Record set =>
============================================================

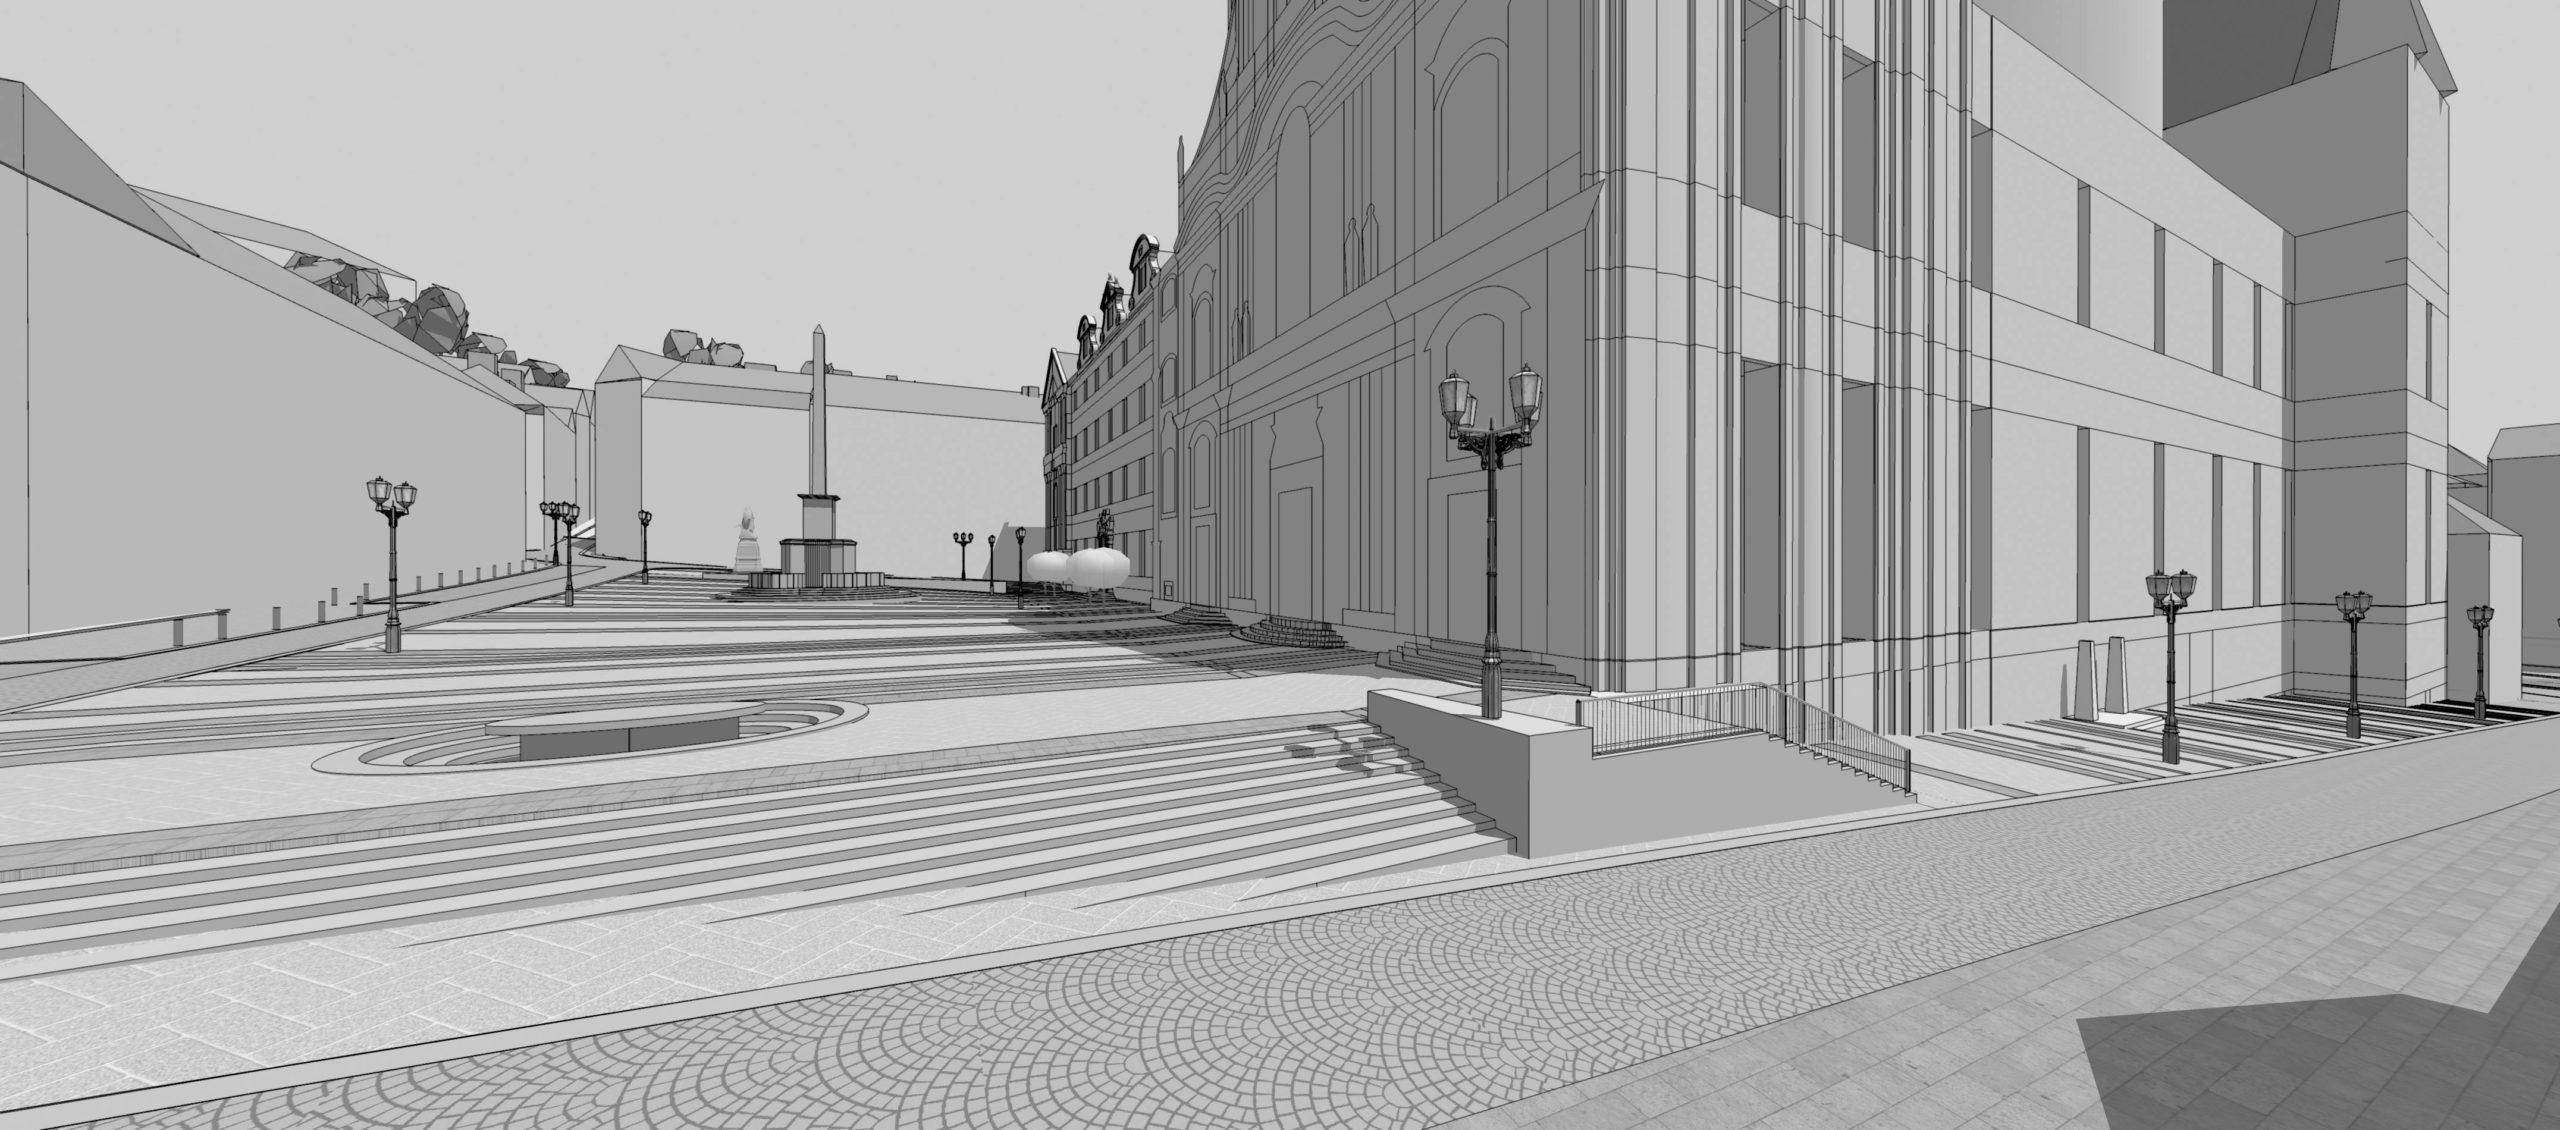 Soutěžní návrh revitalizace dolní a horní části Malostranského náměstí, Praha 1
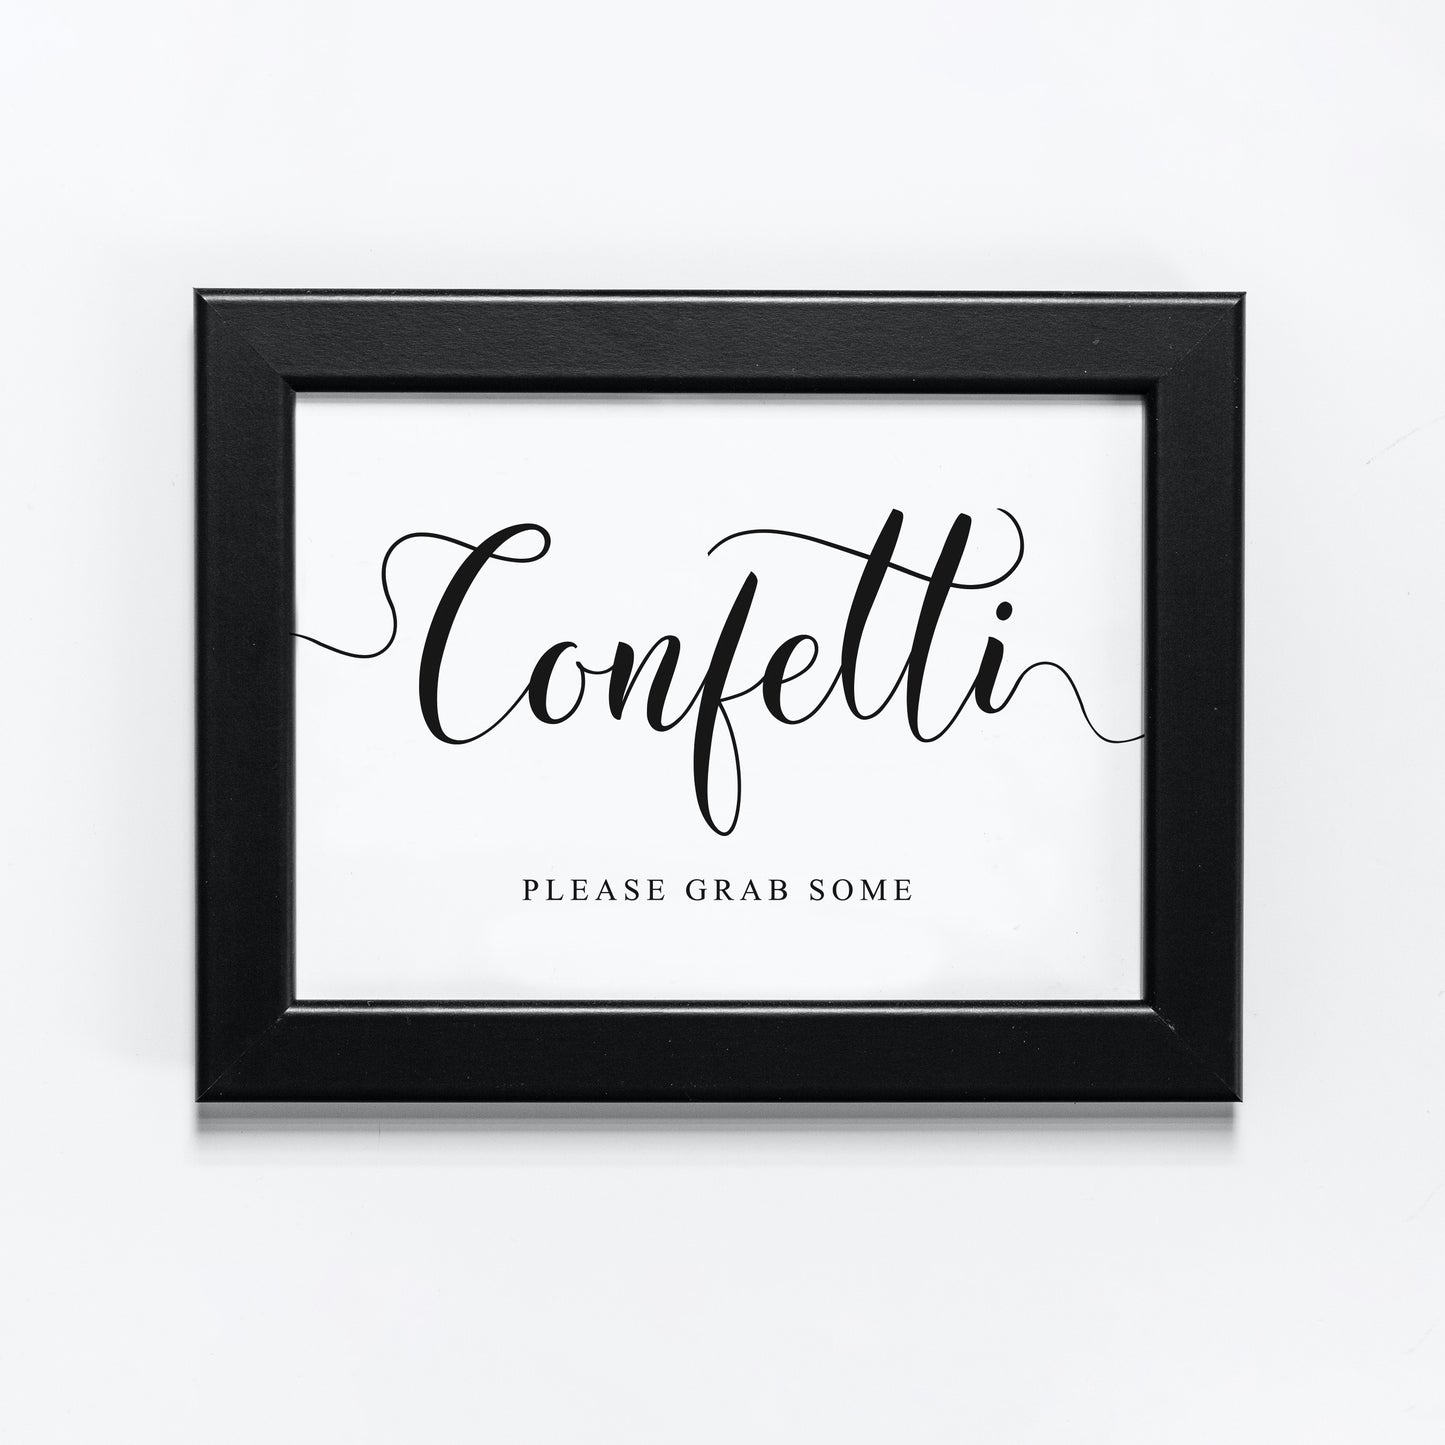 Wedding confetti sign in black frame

============================================================

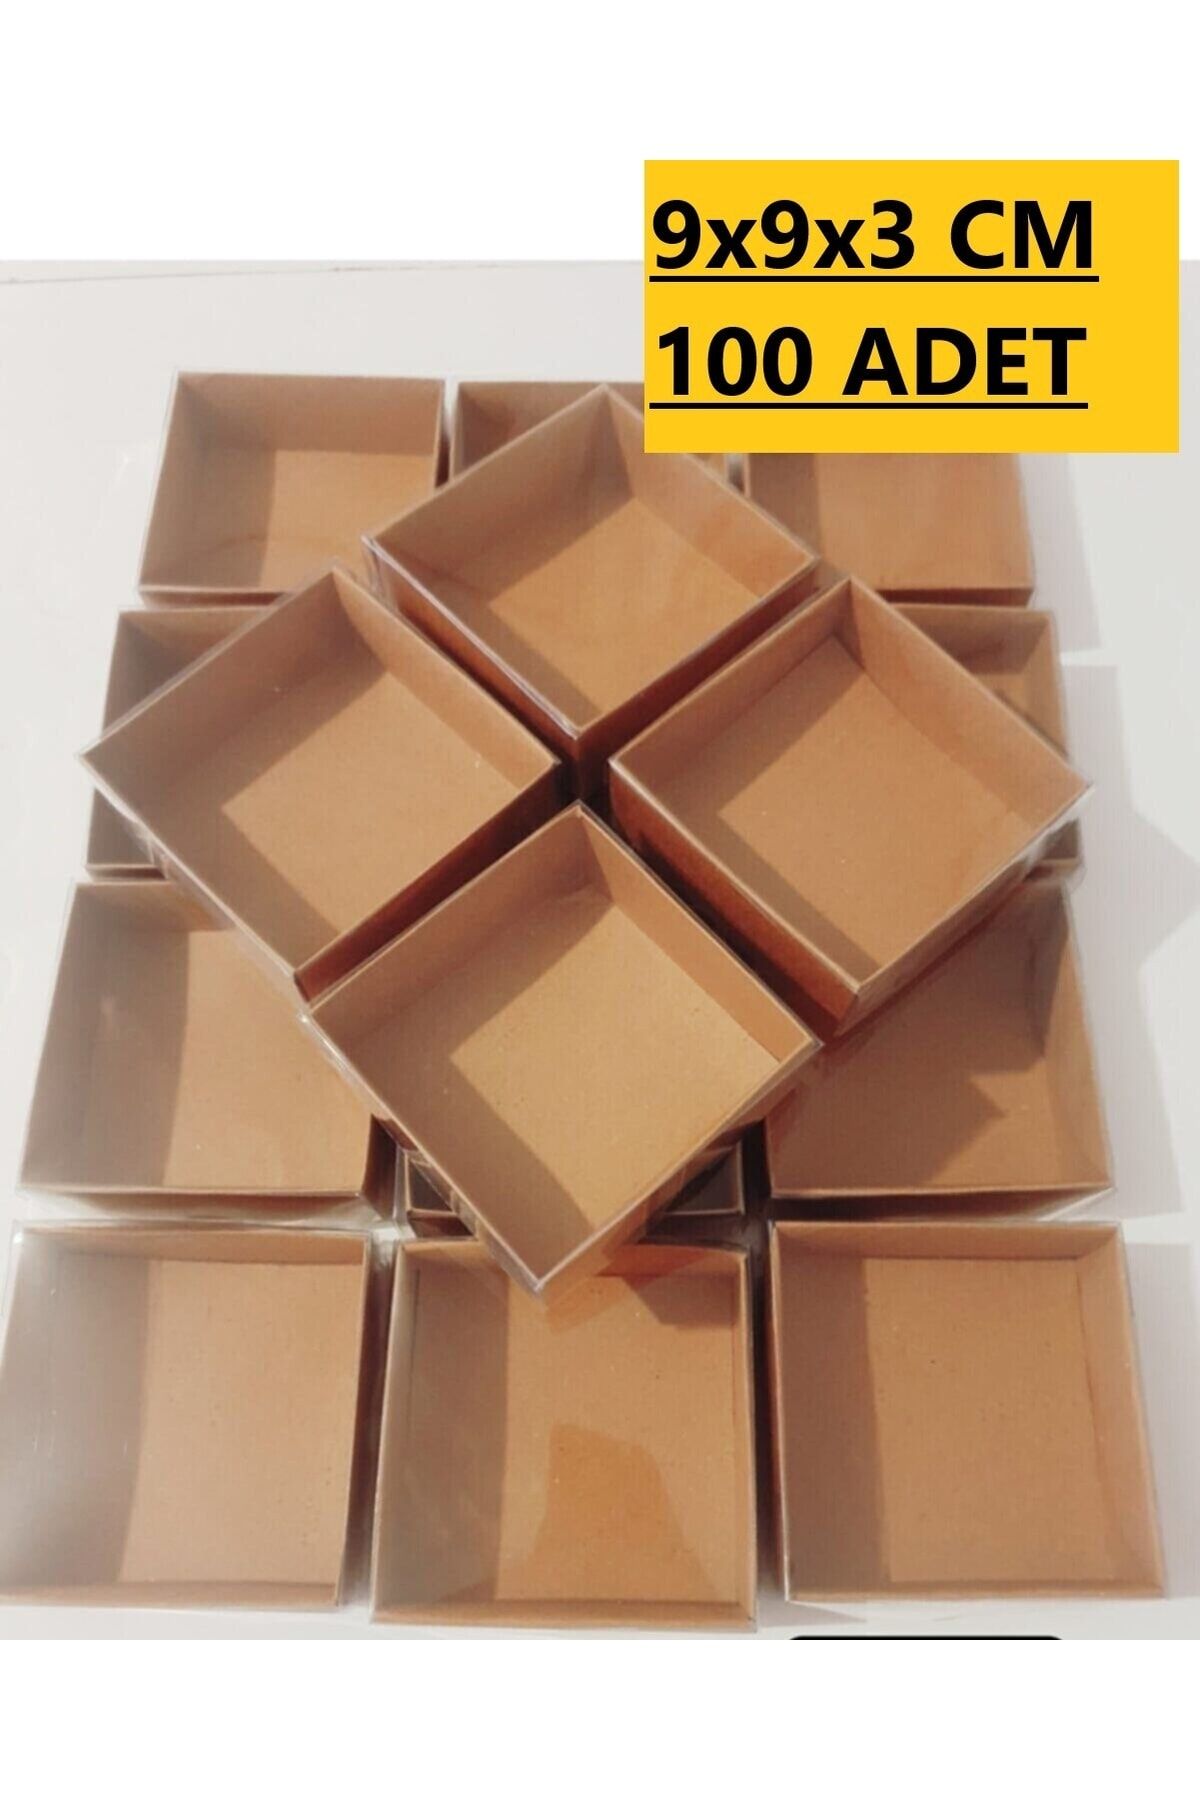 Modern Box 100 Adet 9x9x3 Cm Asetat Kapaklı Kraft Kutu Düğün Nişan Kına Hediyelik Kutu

============================================================

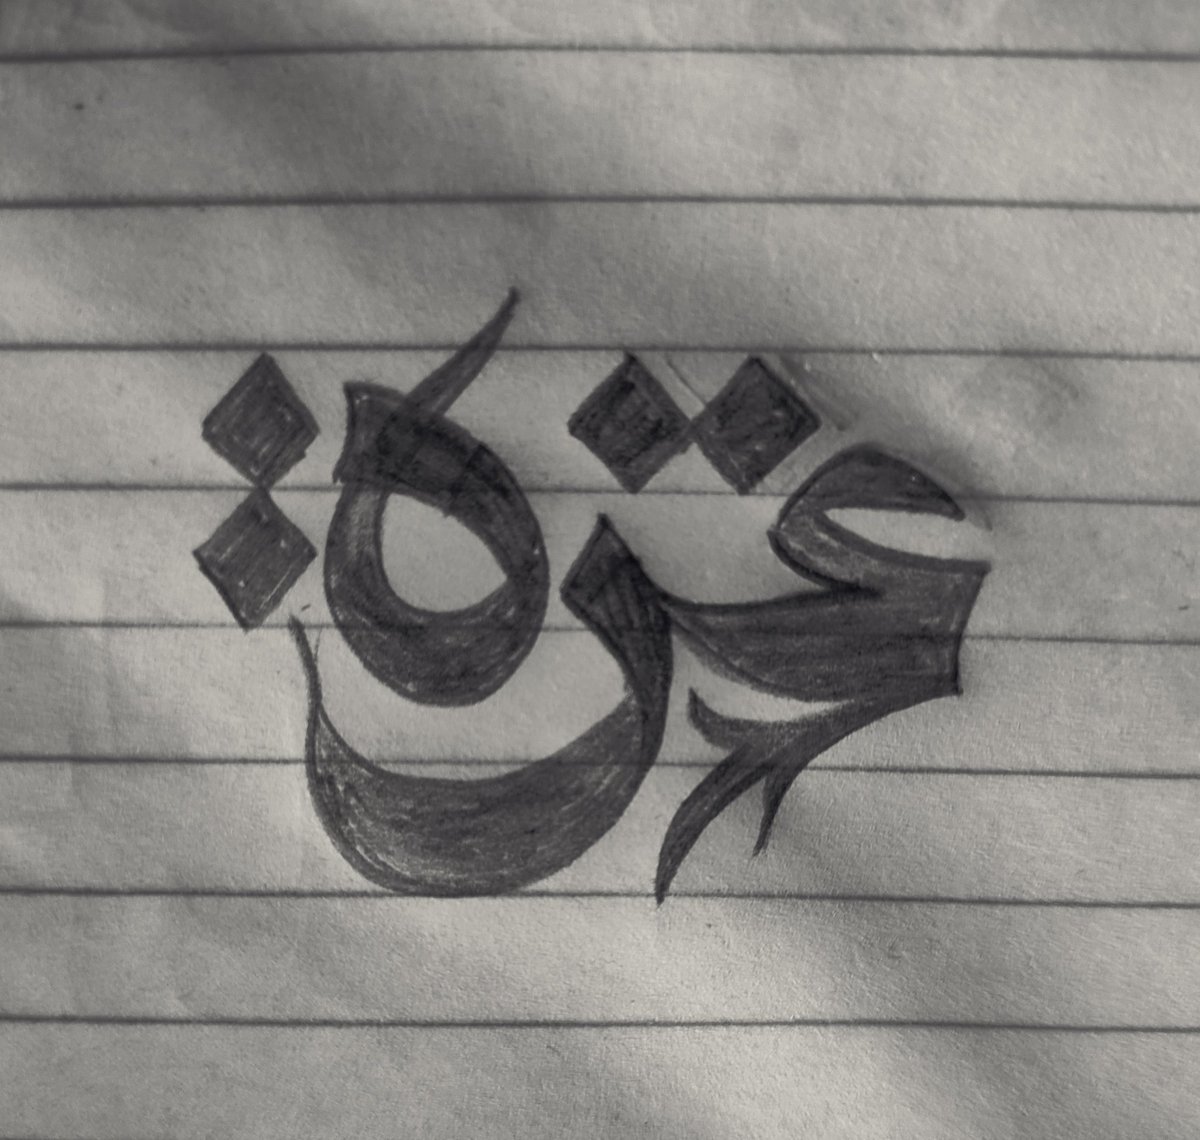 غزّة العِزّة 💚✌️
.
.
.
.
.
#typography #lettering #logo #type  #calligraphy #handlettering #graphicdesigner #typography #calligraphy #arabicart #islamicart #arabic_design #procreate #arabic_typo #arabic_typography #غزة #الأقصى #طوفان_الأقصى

============================================================

Task to carry out => Only the lines of the listing above from the one with "Soutěžní návrh revitalizace" through the one with "Wedding confetti sign in black frame" should be output, exactly, with both ends kept and pictures left out.

Task output =>
 Soutěžní návrh revitalizace dolní a horní části Malostranského náměstí, Praha 1
 Wedding confetti sign in black frame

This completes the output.